As industry readies its experimental vertical-lift aircraft for Army evaluation, aviation officials have made clear they do not consider the two Joint Multi-Role Technology Demonstrators (JMR-TD) to be prototypes of future helicopters.
Maj. Gen. William Gayler, chief of the Army Aviation Center of Excellence (AACE) said Bell Helicopter’s V-280 Valor next-generation tiltrotor and the SB-1 Defiant built by Boeing [BA] and Sikorsky will simply demonstrate current vertical lift technology and inform requirements for the follow-on Future Vertical Lift (FVL) family of aircraft that eventually could replace the Army’s legacy rotorcraft.
The Army could choose one or both designs for various mission sets or return to industry with a list of requirements drawn from both internal research and development (IRAD) efforts, Gayler said.
“JMR-TD are not rototypes, they are an experiment of technologies,” Gayler said at a recent Army aviation forum hosted by the Association of the U.S. Army at its headquarters outside Washington, D.C. “It’s going to inform what the final requirements will be.
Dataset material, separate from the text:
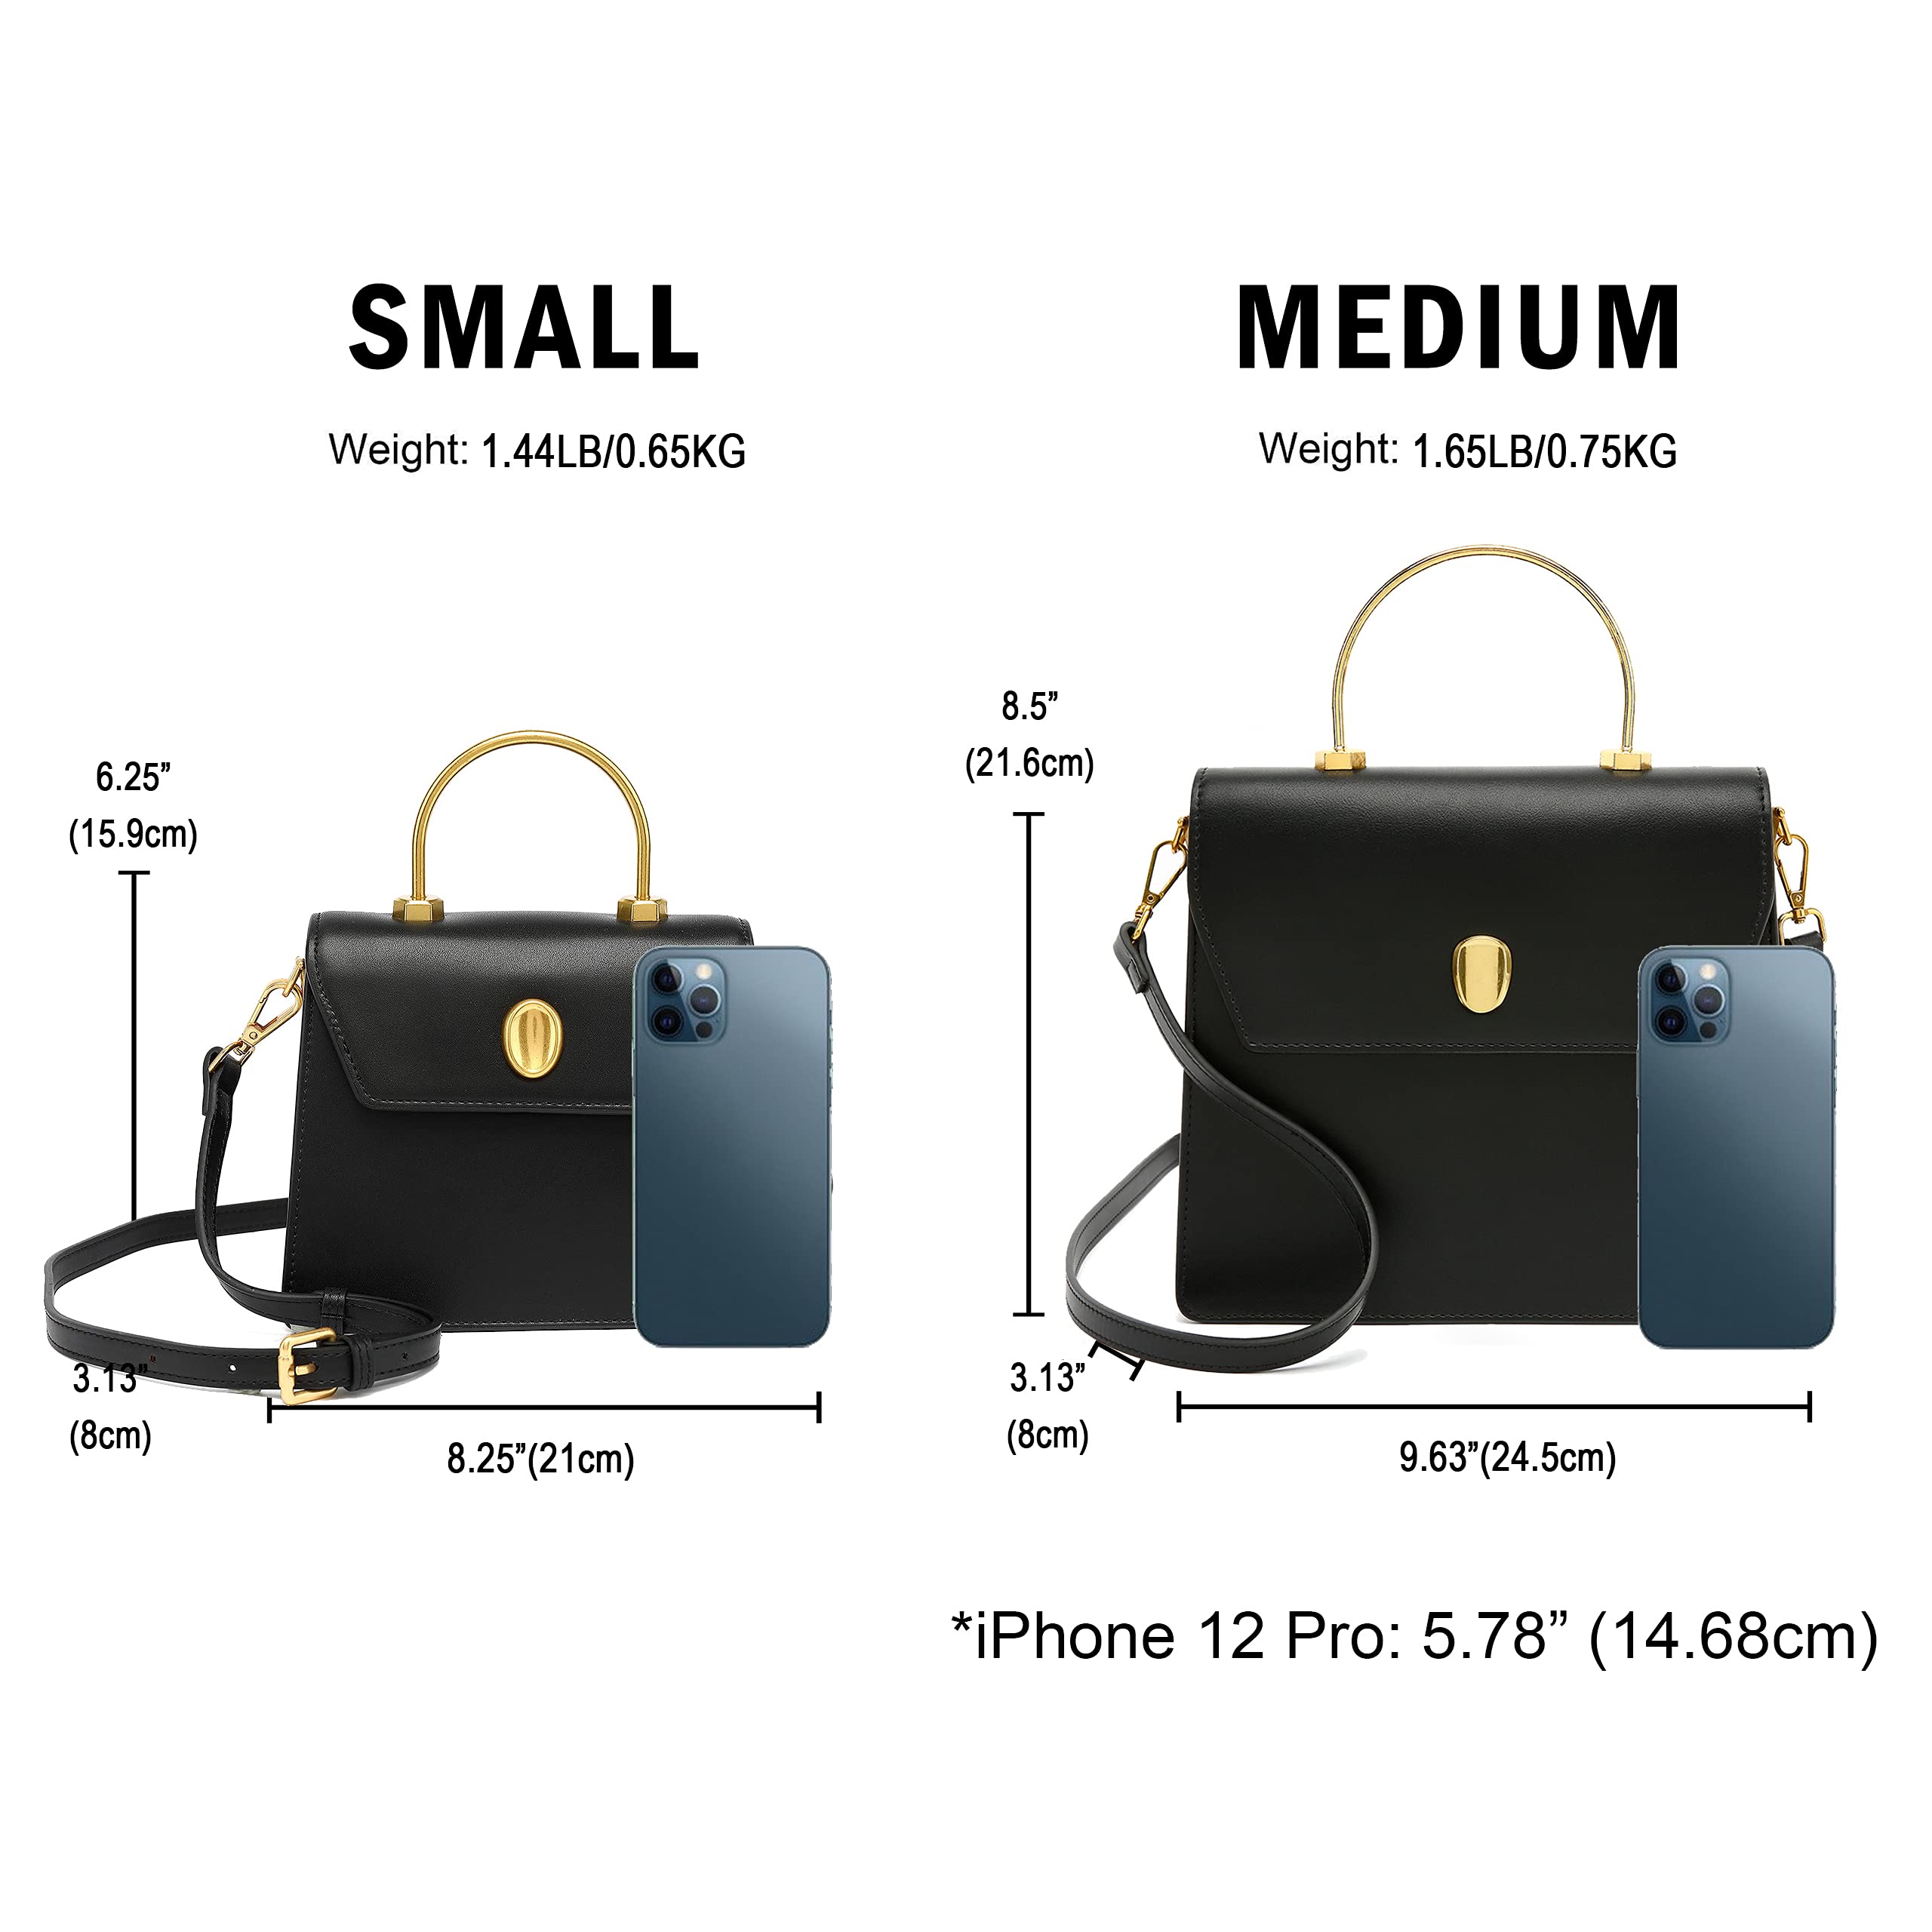 Scarleton Gold Top Handle Satchel Purses for Women, Handbags for Women, Crossbody Bags for Women, Shoulder Bag Purse Mini, H208401 - Black

It’s really important … it’s the relationship of the attributes that are important to us.”
“Industry is certainly trying to provide an option, but what industry has right now is not a prototype,” Gayler told sister publication Defense Daily at the event. “It is going to be very informative to the final solution. I think we have to have that. We’ve got to have industry leaning forward. If industry listens to concepts and how we will fight and what combination of attributes will be important to us, it will only help them in the future.”
Gayler also said that FVL will not necessarily consist of one rotorcraft design scaled up and/or down to perform different missions, because certain airframe designs may not scale in the same direction.
“It is absolutely possible for us to envision different aircraft,” Gayler said. “We’re looking for the capability and the relationship of those attributes that provides the best capability in its class.”
“Though they could scale up, down, doesn’t matter,” he said. “It may not scale up better than the one that scales down. … I can envision the introduction of capability of several different variants that look distinctly different.”
Whether the Army would be able to martial the funding necessary to pursue two separate rotorcraft development and acquisition programs at once remains to be seen, Gayler said.
“The challenge is can you pursue those simultaneously? In today’s budget there’s no way without some significant adjustments,” he said.
The two competing designs – though they are not in direct competition yet – are Bell’s advanced tiltrotor, built on experience manufacturing the V-22 Osprey, and the coaxial-rotor technology developed by Sikorsky through its X-2 and S-97 experimental aircraft. Bell is a unit of Textron[TXT] while Sikorsky is now owned by Lockheed Martin [LMT].
Bell completed construction of its first V-280 Valor the week of Sept. 3 and is preparing for ground testing ahead of a first flight in fall 2017.
Sikorsky’s S-97 Raider, a smaller version of the SB-1 Defiant it has pitched for the JMR-TD program, has been flying for more than a year. One of the two existing prototypes suffered a hard landing in August, but the company said the mishap will not hinder the progress of the program, which is meant to validate the coaxial-rotor design.
The Defiant is based on the Sikorsky S-97 Raider, which employs coaxial main rotors and an aft pusher propeller to achieve the same fast-yet-maneuverable capability the Army desires.
The S-97 suffered “substantial damage,” according to a National Transportation Safety Board preliminary report on the Aug. 2 accident in Jupiter, Fla. The preliminary report was published Aug. 11 and shows that both pilots on board suffered minor injuries when the aircraft went down on a clear day while hovering.
The helicopter was recovered from the accident site and retained for further examination, the NTSB report said. Sikorsky plans to get its second S-97 airborne soon to resume flight testing.
Brig. Gen. Frank Tate, director of Army Aviation for the Army Deputy Chief of Staff, G-3/5/7, is closely watching both teams’ flight testing and is eager to continue working with industry to achieve FVL. However, he is focused on the capability certain technologies offer rather than the design of any specific aircraft, he said.
“We continue to look forward and work with industry to do relatively low-cost tech demonstrators, then demonstrate the validity of leap-ahead technologies that take the physics of vertical lift to a whole other level that we need to get to, to get after the capability gaps we have discussed,” Tate said.
“Then you close in on your actual requirements and put that out to industry, now knowing what is … achievable and get to more rapidly an actual product on the street,” Tate added. “We are focused on how we do our requirements process so we can do that much faster and do it in a way that is smart, that will get us what we want, that is not so constraining that you possibly throw away things that are achievable more quickly and are still a giant leap ahead.”